胡元斌 許艷霞 王達能 馬 志 倪小英 唐顏蘋 余 楊

(1. 湖南省糧油產品質量監測中心，湖南 長沙 410201；2. 深圳賽泰諾科技股份有限公司，廣東 深圳 518000)

黃曲霉毒素B1是已知的化學物質中致癌性最強的一種，主要誘發肝癌，對人和動物均具有極強的危害性。食物黃曲霉毒素B1污染比較常見，花生、玉米、稻谷、小麥、花生油等糧油食品都極易受到污染，且以南方高溫、高濕地區受污染最為嚴重[1]。

黃曲霉毒素B1的檢測方法主要有儀器檢測法[2-5]和免疫學檢測法[6-8]。儀器檢測法有高效液相色譜法、同位素稀釋液相色譜—串聯質譜法、薄層色譜法、毛細管電泳法，其中高效液相色譜法是目前實驗室應用最廣泛的方法[9-10]。儀器檢測法特異性強、準確度高，但對操作人員技術要求高，前處理繁瑣，難以實現大批量樣品檢測，且無法滿足及時高效的市場監管需求。免疫學檢測法主要是利用抗原抗體的特異性免疫反應對樣品中的抗原或抗體進行定量、定性或定位檢測，屬于快速檢測方法，與儀器檢測法相比，該方法具有設備小巧、檢測速度快、成本低等優點，在市場監管中具有廣泛的應用，且適合大批量樣品的檢測。

根據標記物的不同，黃曲霉毒素B1免疫學檢測法有酶聯免疫法[11]、膠體金法[12]、時間分辨熒光法、熒光微球法、量子點法[13]等。
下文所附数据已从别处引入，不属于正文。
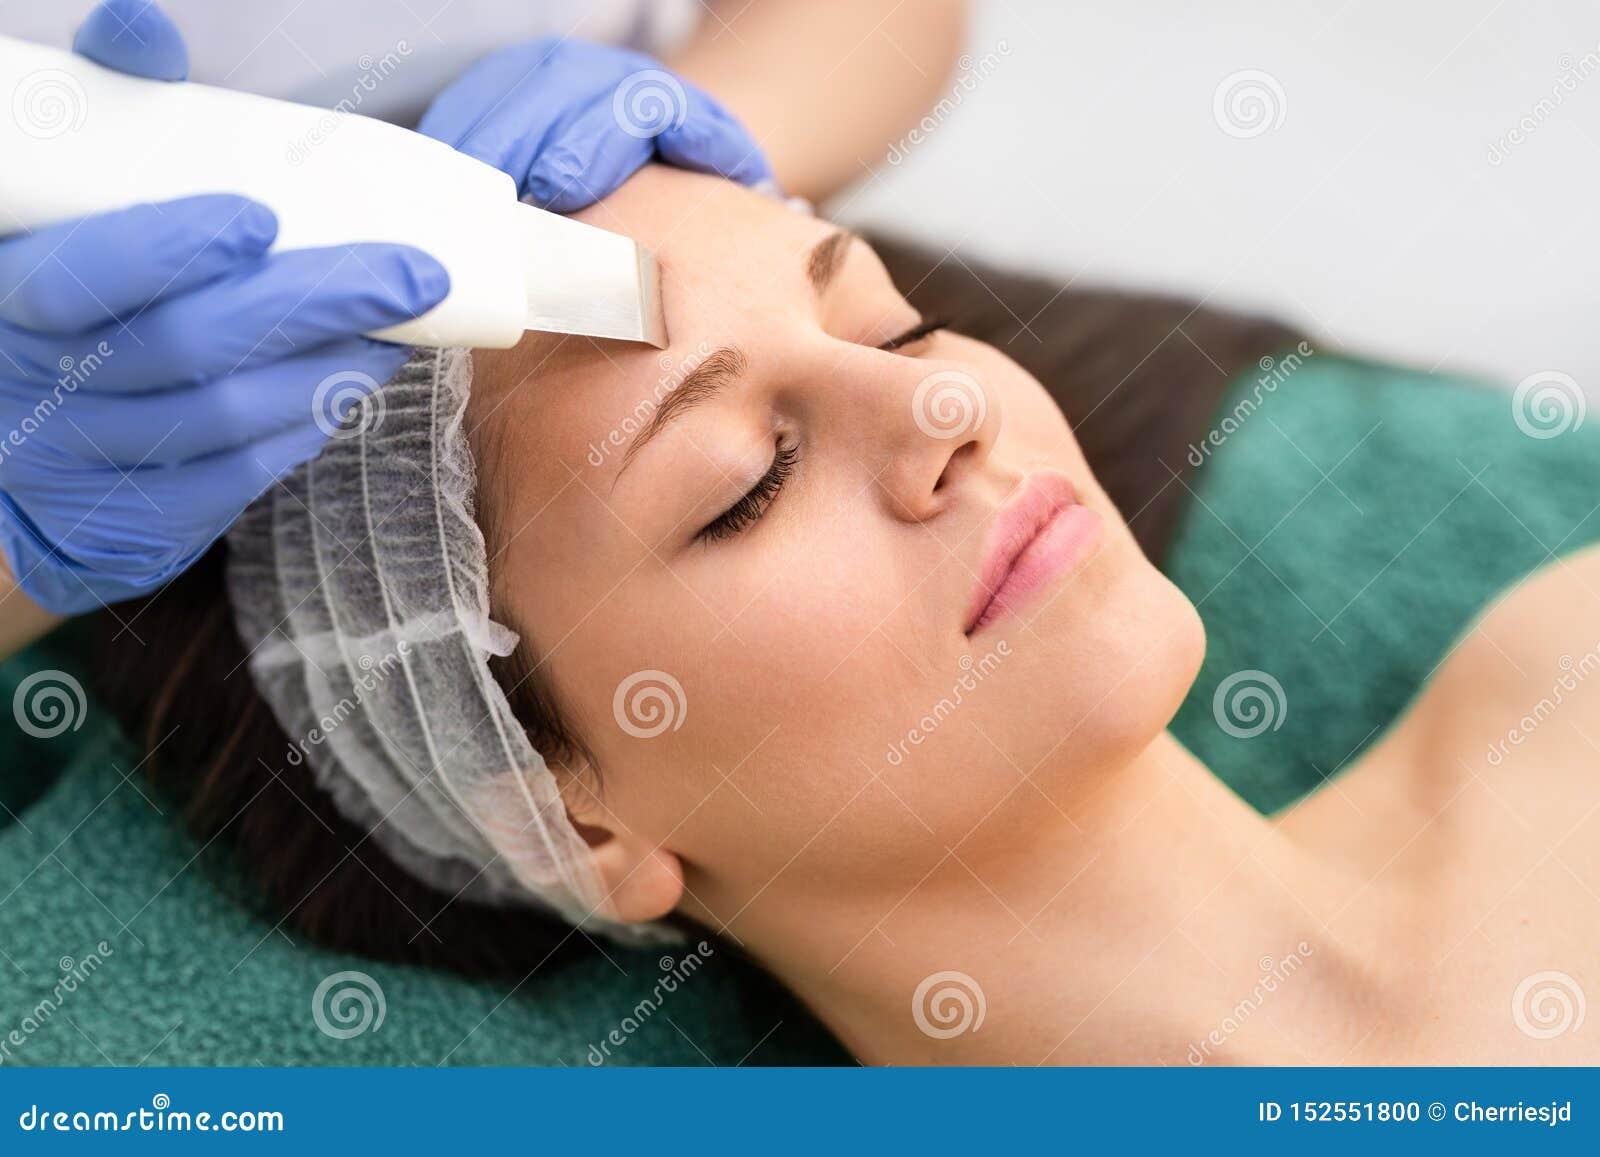 Το επαγγελματικό cosmetologist υποβάλλεται στην του προσώπου επεξεργασία δημιουργίας κοιλότητας

量子點是一種準零維的納米材料，具有激發光譜寬，發射光譜窄，熒光壽命長，斯托克位移大，熒光強度大，且可通過粒徑控制熒光波長及強度等特點，是一種理想的熒光標記物，在生物成像、免疫檢測等領域廣泛應用[14]。

研究擬以超導量子點為熒光標記物，利用超導量點優越的熒光性能，結合免疫熒光技術，建立一種靈敏、準確的糧食黃曲霉毒素B1的快速檢測方法，并對該方法的準確性、重復性和臺間差等參數進行驗證，旨在考察該方法在糧食黃曲霉毒素B1的快速檢測的可行性。

1 材料和方法

1.1 材料與儀器

1.1.1 材料與試劑

黃曲霉毒素B1快速定量檢測卡：深圳市賽泰諾生物技術有限公司；

ST稀釋液：深圳市賽泰諾生物技術有限公司；

黃曲霉毒素B1酶聯免疫檢測試劑盒：北京華安麥科生物技術有限公司；

黃曲霉毒素B1免疫親和柱：北京中檢維康生物技術有限公司；

甲醇：色譜純，國藥集團化學試劑有限公司；

色譜柱：RBAX SB-C18(250 mm×4.6 mm，5.0 μm)，美國Agilent公司；

糙米、玉米樣品：湖南家潤多超市。

1.1.2 儀器

免疫熒光快速定量檢測系統：QD-Infinity型，深圳市賽泰諾生物技術有限公司；

酶標儀：rayto RT-6000型，深圳雷杜生命科學股份有限公司；

液相色譜儀：Agilent 1100型，安捷倫科技有限公司。

1.2 樣品檢測

1.2.1 樣品預處理 稻谷樣品脫殼后粉碎至全部過20目篩，小麥和玉米直接粉碎至全部過20目篩，稱取過篩樣品5 g置容器中(如50 mL離心管)，加入60%甲醇溶液25 mL，混勻，置搖床震蕩10 min，選擇4 000×g離心5 min，取上清液備用。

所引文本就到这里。